This prompted Madison to point to an even greater object of a national government. Madison claimed that Mr. Sherman was in error “in thinking the objects mentioned to be all the principle ones that require a National Government.” Madison stated that the “security of private rights, and the steady dispensation of Justice” and the “interferences with these were evils” that had brought the convention about perhaps more than the objects listed by Mr. Sherman. The problem was the nature of faction, in all its forms, had to be dealt with. In reviewing the historical landscape Madison maintained that “in all cases where a majority are united by a common interest or passions, the rights of the minority are in danger,” and that “Religion itself may become a motive to persecution & oppression,” as is “verified by the Histories of every Country ancient & modern.” [3]

The issue of oaths of office did not come up again until after Monday August 6th when the Gerry Committee returned with the first draft of the Constitution.
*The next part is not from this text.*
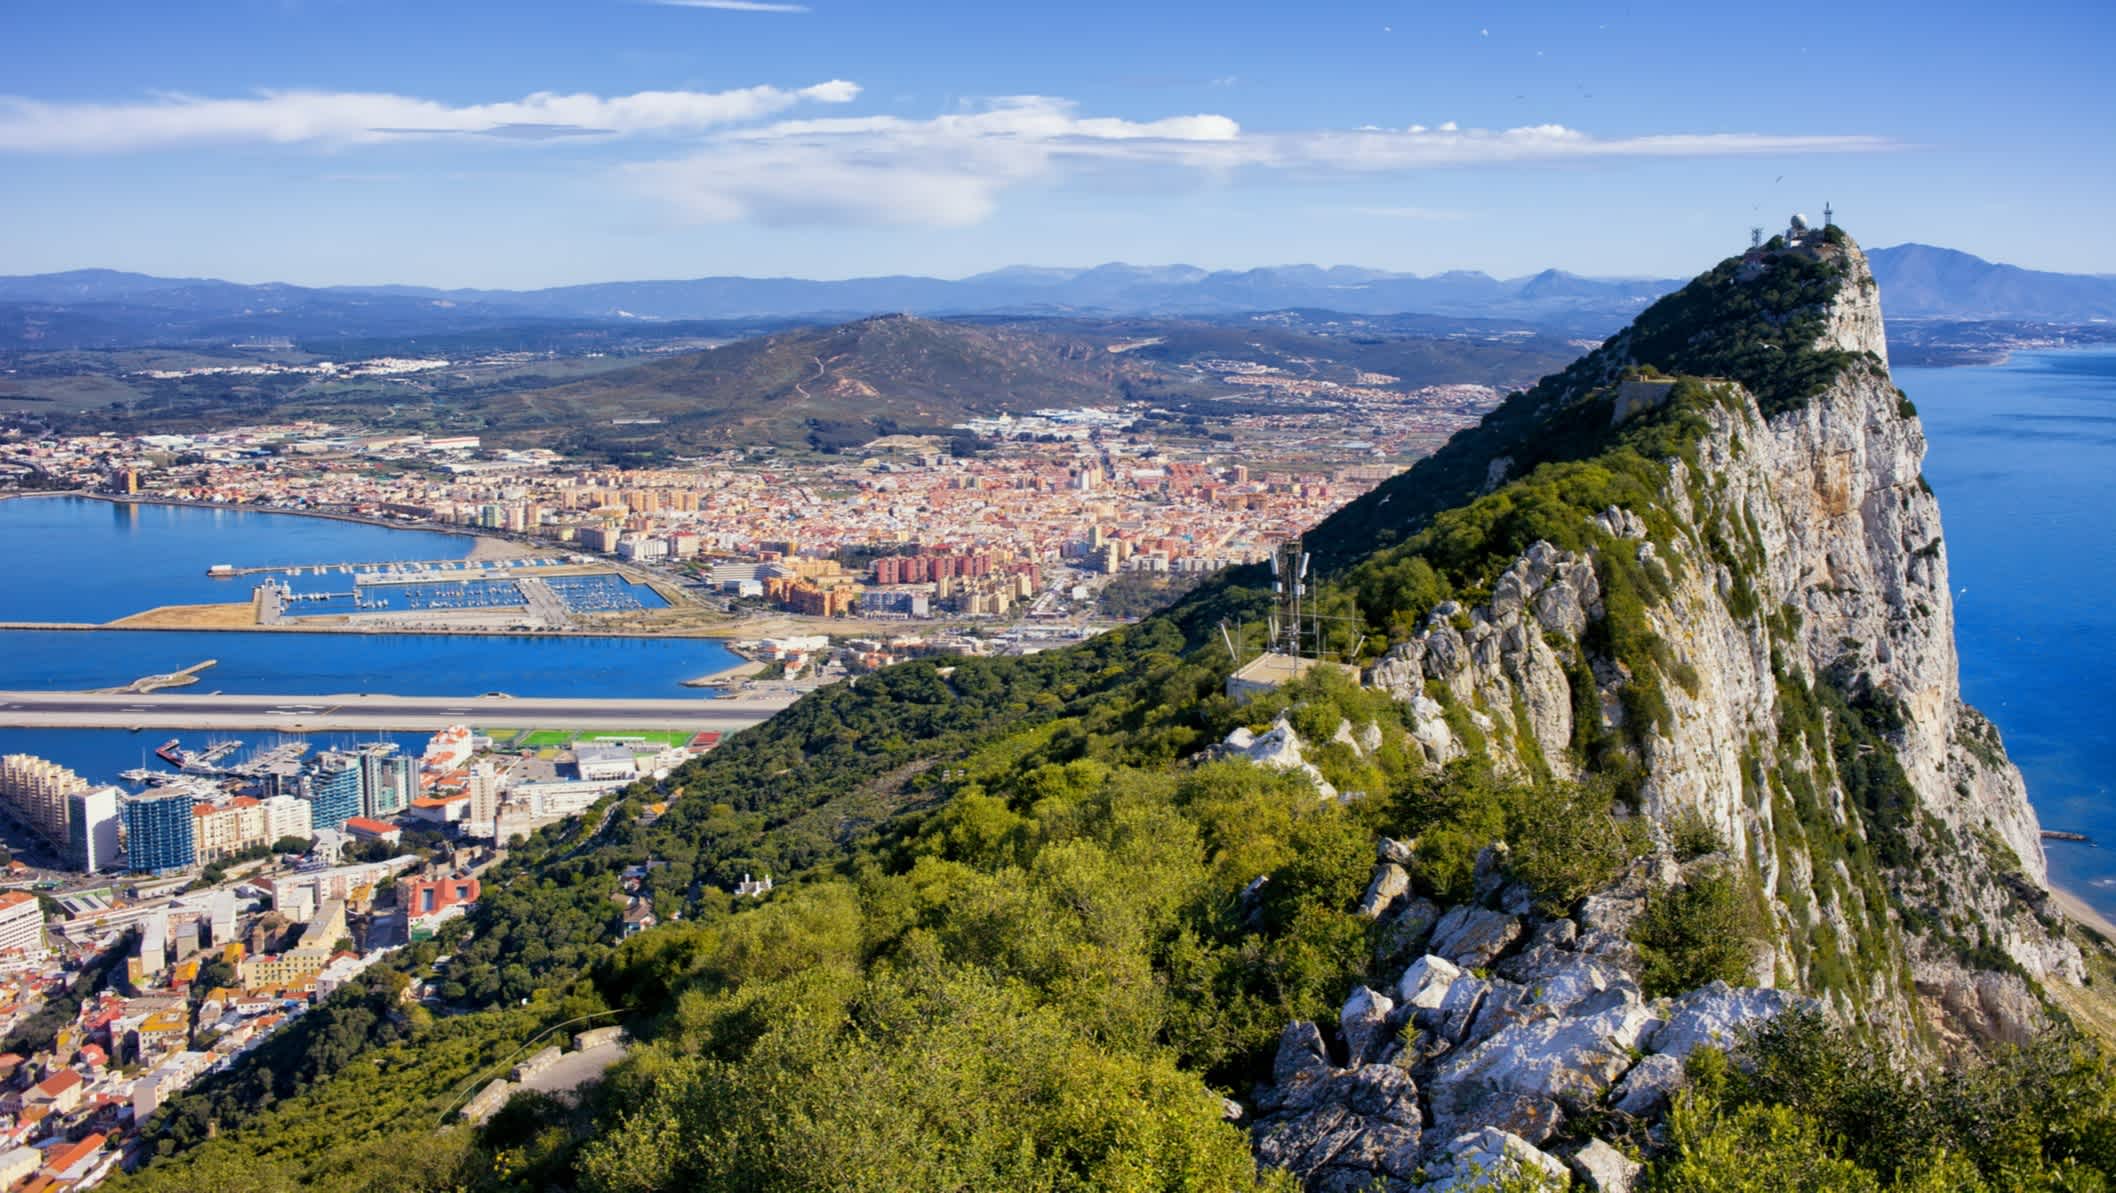 Felsen (Upper Rock) von Gibraltar im südlichen Teil der Iberischen Halbinsel, Spanien

This draft contained some 23 articles that included the following two oaths of office in Article X, and in Article XX:

“Article X on the Executive oath: ‘Before he shall enter on the duties of his department, he shall take the following oath or affirmation, ‘I____ solemnly swear, (or affirm) that I will faithfully execute the office of President of the United States of America.”

Then in Article XX it states:

“The members of Legislatures, and the Executive and Judicial officers of the United States, and the several States, shall be bound by oath to support this Constitution.”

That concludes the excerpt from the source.